Sacred Language Communications is here to help. Questions about making the switch from print to social media? Call (540-498-5994) or write us!

Oh, Those Millennials

Millennials—everybody wants ‘em, no one seems to know how to get them.

That’s the major take-away from a newly-released study by Pew Research, “Millennials in Adulthood: Detached from Institutions; Networked with Friends.” So the question for congregations naturally becomes, “How do we reach them”?

Some like Keith Anderson, a Lutheran pastor and digital media maven, see in the report a reason for churches to become more engaged with online social media. He’s become a leading voice in this movement, and has some fascinating ideas on the topic. And I have come to believe that he is basically right. The days of churches hiding within walls that members wish to be epicenters of people’s lives are largely over for much of Protestant America.

But simply shifting to digital ministry, or outside the walls of ministry, isn’t a sure-fire path to restoring religious life in America. (A fact I suspect Keith would agree with.) Because the problem remains—what do you say in this space?

Authenticity

In this new space of communicating, authenticity is everything. People can sniff out individuals and organizations that are using social media becaumillennials unmooredse they want to reach “the younger crowd” in the time it takes to hit re-tweet with a modified comment.

How do you know if you aren’t being “authentic”? Here’s an easy way. Look at your past ten posts/tweets/etc. Read them. Are these 10 items pushing events, making announcements, delivering marketing pitches? If more than two are, your authenticity is in question.

It’s this type of thing that sends Millennials, and others who “get” social media, scurrying.

Hence the Pew Report subtitle, which could well become a working definition of social media: “Detached from Institutions; Networked with Friends.” Social media is all about meaningful networks. And yet, this remains the major criticism of the medium. A charge largely leveled by those who don’t use the tools.  The person who charges, for example, that “nothing meaningful can be said in 140 characters” fails to realize that good twitter communications are long series of 140 character statements among two or more users—i.e., conversations.

Almost by definition, institutions have a hard time interacting this way. Not that they don’t try—and largely fail (i.e., far too many are not authentic in their communications or spend all their time “pushing” information out and bragging about themselves).

Confused, or Clear-eyed?

Gone among the Millennials may well be the belief that institutions are the arbiters of what is right. Some see this as a sign of Millennial self-centeredness. But I have a different take. I see Millennials as bold people constructing meaning out of the world they live in—not the world filtered through an authority figure(s).

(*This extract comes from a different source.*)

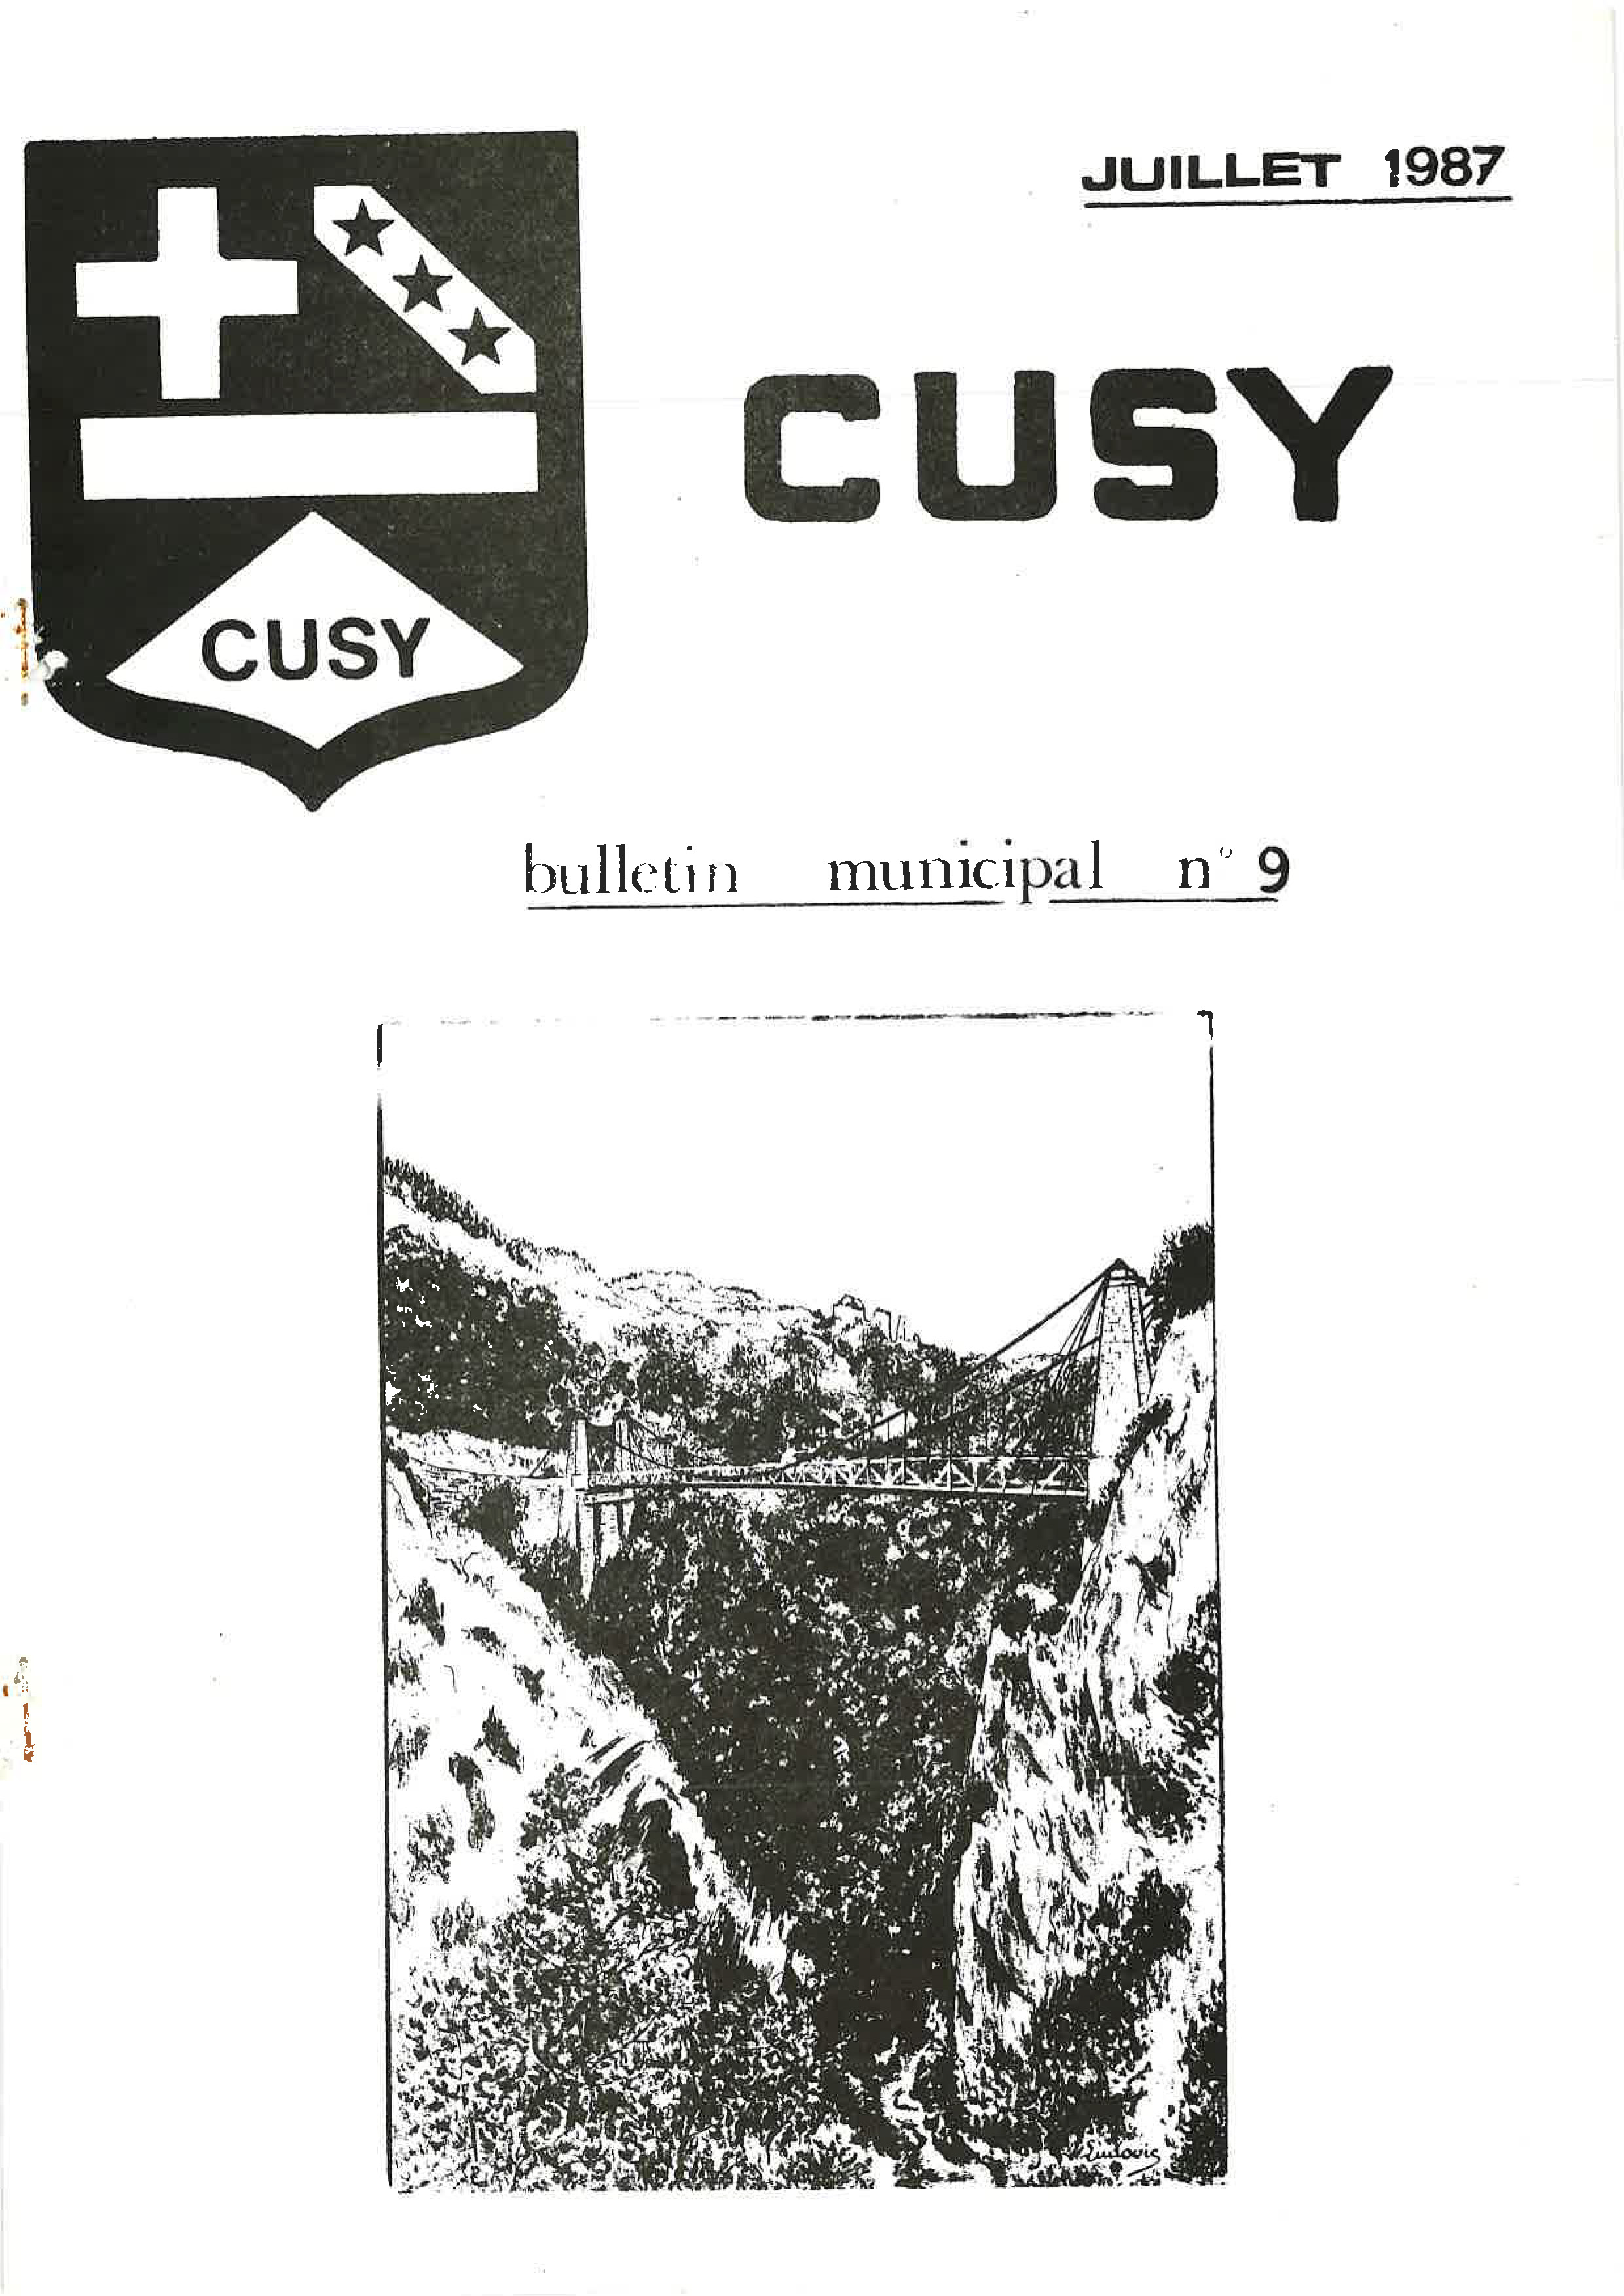 1987 07 Bulletin communal n°9_Page_01.jpg

This takes courage, as the world they discover is not clean and logical, but messy, full of injustice and right, pain and pleasure, faith and faithlessness.

And it’s a view that is growing. Looking at growth trends, older Americans are the fastest growing groups of people embracing Twitter and Facebook. They trail the Millennials in total adoption rates, to be sure, but the growth trends among those 40, 50, 60 and over adopting these tools is clear.

A story in The Atlantic describes Millennials as “Deeply confused about … politics, finances and culture.” As the story says, “They’re always connected but distrustful. They’re selfish yet accepting of minorities. They’re “independents” who mostly vote Democratic and love Obama while hating Obamacare.”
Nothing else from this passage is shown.